Gavin Henry 00:50:12 That’s a good point. I haven’t actually said that this router isn’t just to work with your own ISP. It can work with anything.

Adrian Kennard 00:50:18 Yes, it’s an Ethernet-level router, so it works with Ethernet, but it works with PPP protocol as well. So if you’ve got a broadband modem, it will work with that. I’ve got one on a StarLink satellite here acting as a gateway to work as a backup, for example. So there there’s lots of ways you can use this. In terms of the configuration, we made a decision very early on to make a single definition of the configuration. And this, this is XSD-based. It’s an XML protocol to define XML, which is just all a bit incestuous, but it defines all of the settings and fields in the configuration. And that single master file is what generates all of the headers and definitions in the C code. So the actual code using the config, it also generates a published XSD so people can actually use it with tools to validate the XML config, if they want themselves.

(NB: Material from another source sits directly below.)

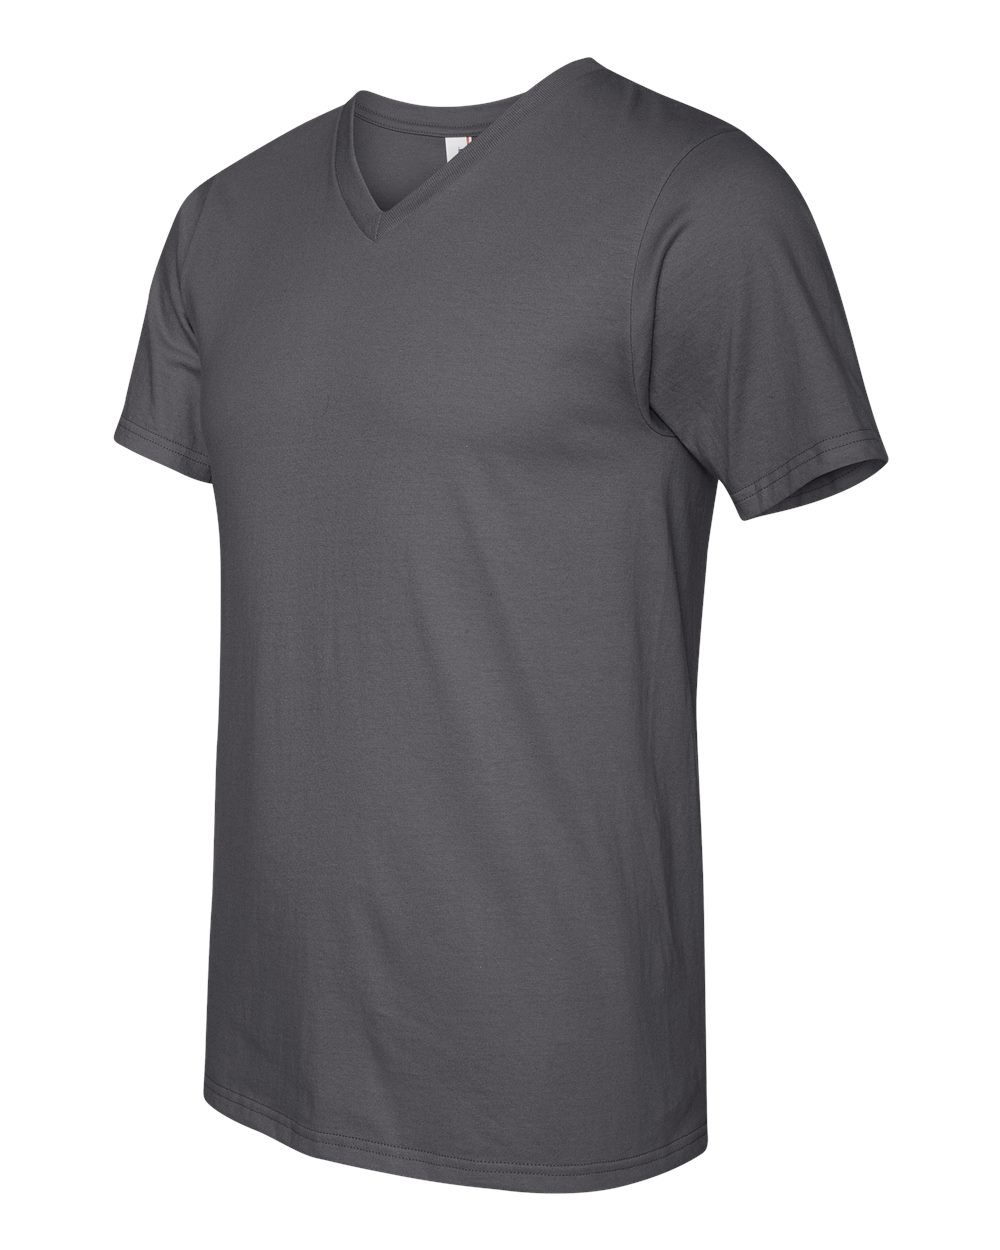 Anvil-Men-039-s-Lightweight-V-Neck-T-Shirt-982-S-3XL thumbnail 6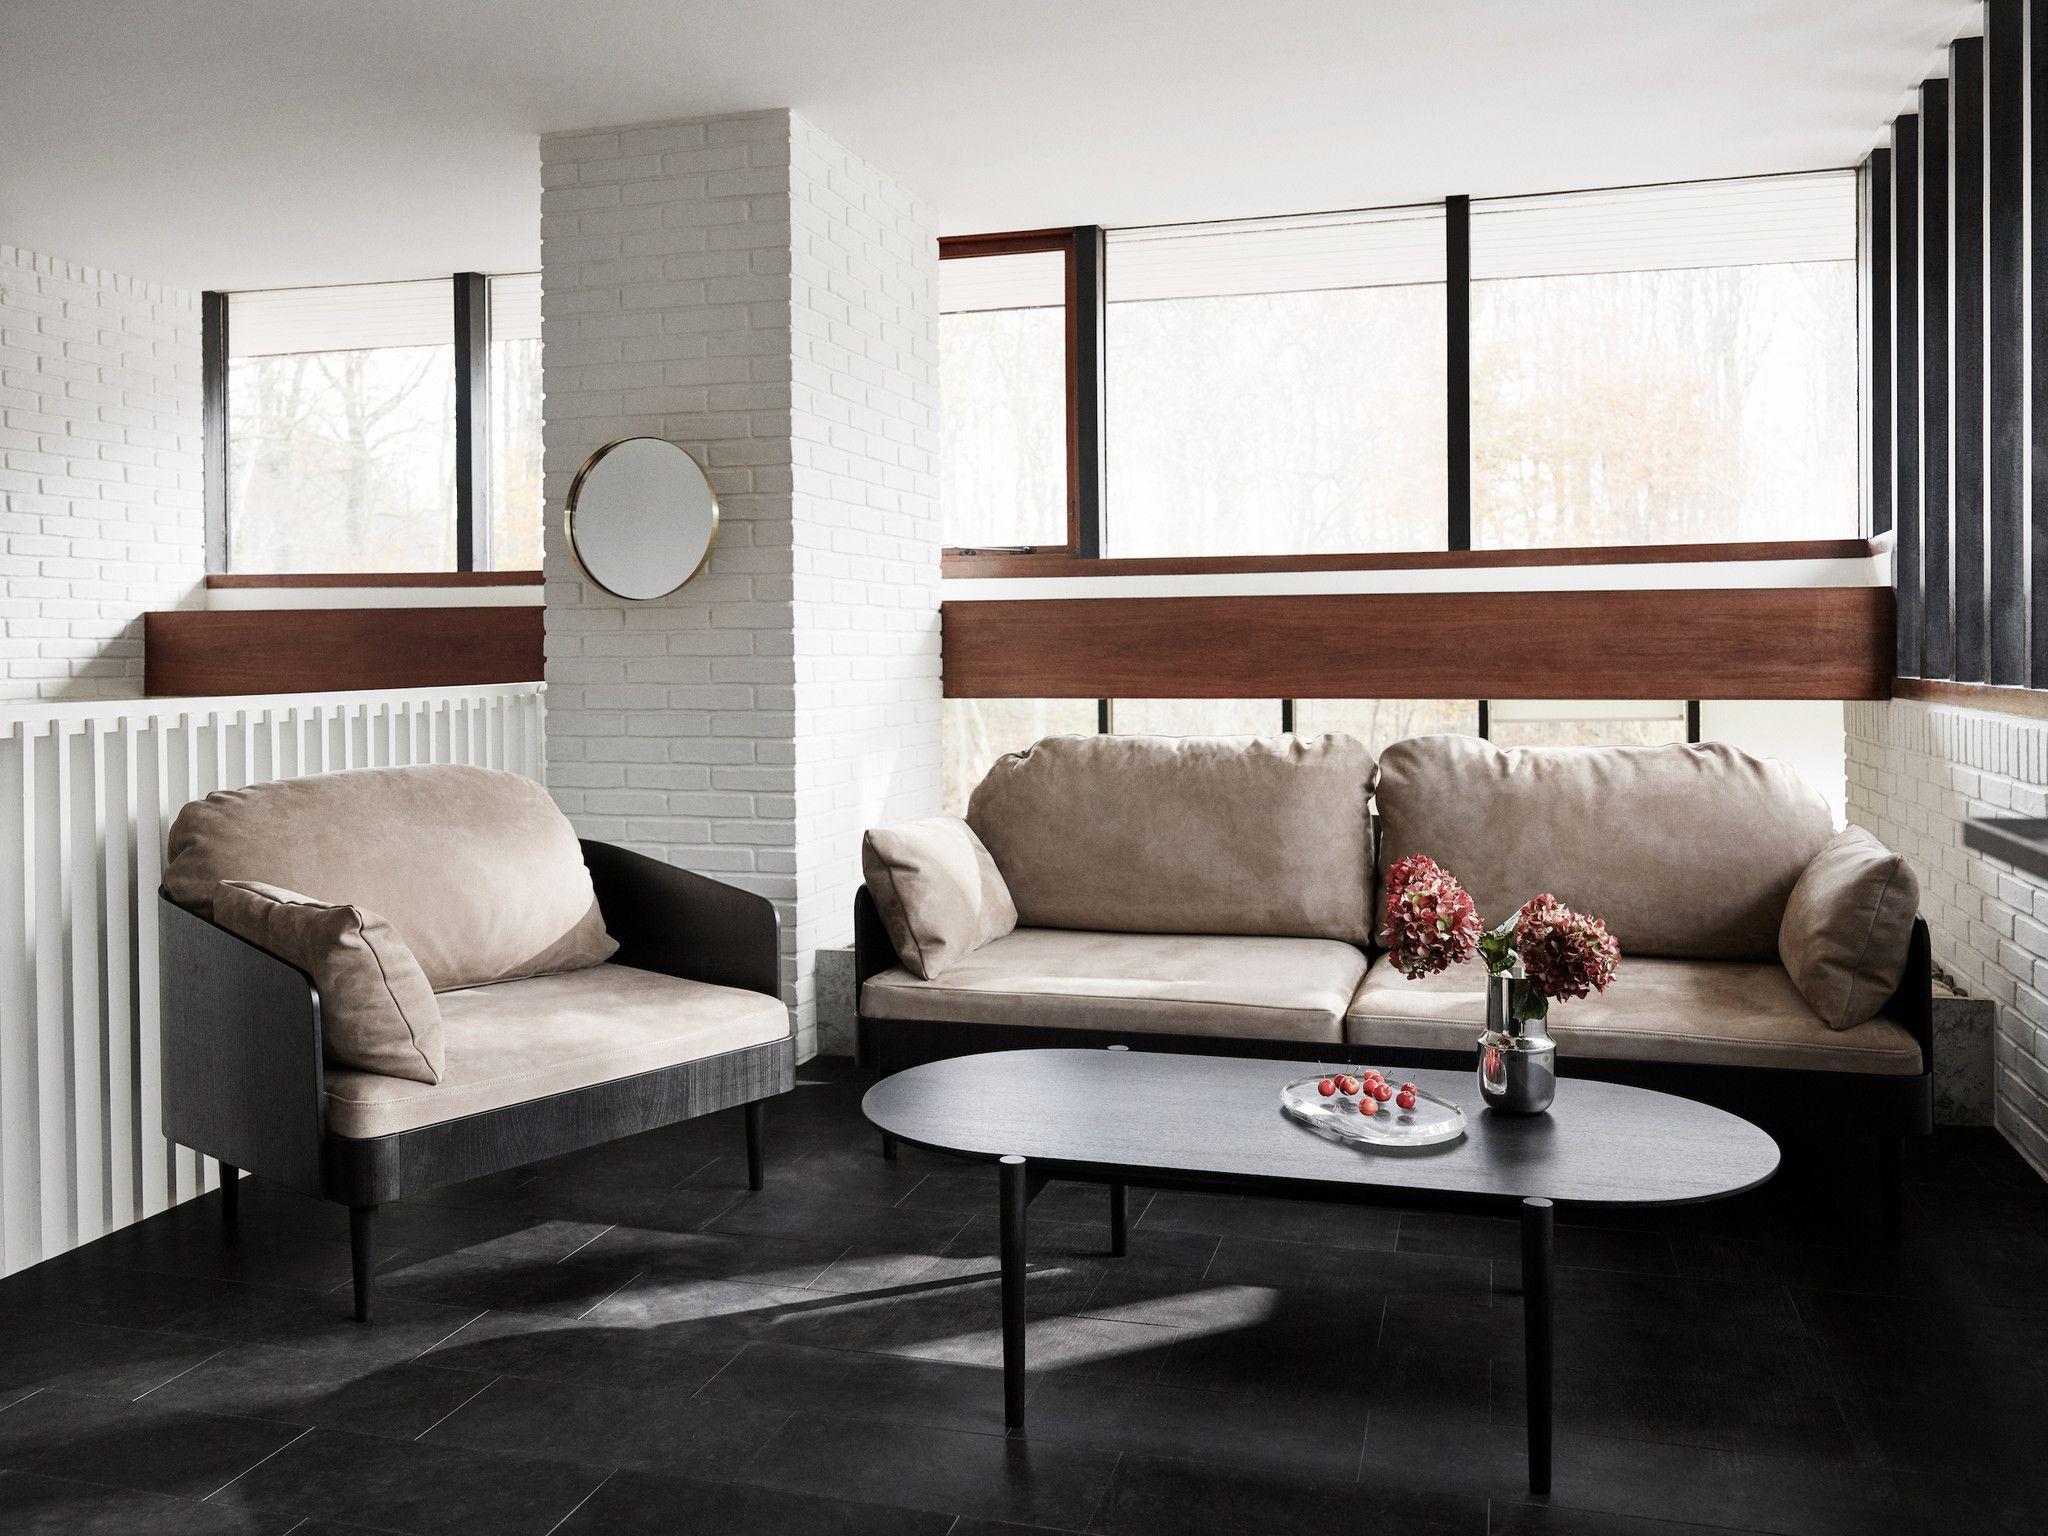 septembre chair, black ash / light gray - sofa from menu, Innenarchitektur ideen

Adrian Kennard 00:51:10 And people do that. It generates the manuals for the config fields. It generates the JavaScript based web config editor. So on the config webpage, you go in and it’s got icons and labels and fields you fill in and help text. All that’s generated from this single master definition. Obviously that’s what gets updated when we add new things to the config, but it means that they’re all consistent. And we’ve seen so many routers where the command line has some config settings that don’t exist in the web interface or, or the saved file or whatever. With the Firebrick, they’re always consistent because they’re made from a single file, which I think is an important feature.

Gavin Henry 00:51:44 Yeah. I think one of the things as a user and engineer that you experience over your lifetime is evaluating products and, you know, the life cycle of upgrades, you’ve got to constantly check the change logs, you know, is this deprecated, is this still there? And if you do it on the XML side of thing, you can instantly do that, can’t you?

Adrian Kennard 00:52:02 Well, one of the reasons XML was chosen as the underlying config format is that it’s, it’s extensible — the clue’s in the X. So when we add new features, we generally try to make sure that you don’t have to mess it out with the config when you do an upgrade. It’s partly why the upgrades are automatic. You don’t have to think about it. Config carries on working. The new features are extra fields or settings, which if necessary have defaults so that they just become available as new features. And we don’t very often deprecate something. So, XML’s worked really well as the config, but you can edit it in XML, even through the web interface. But a lot of people use this web-based sort of graphical interface to edit it where you can go through different icons and listed sections and open them up and fill in the fields.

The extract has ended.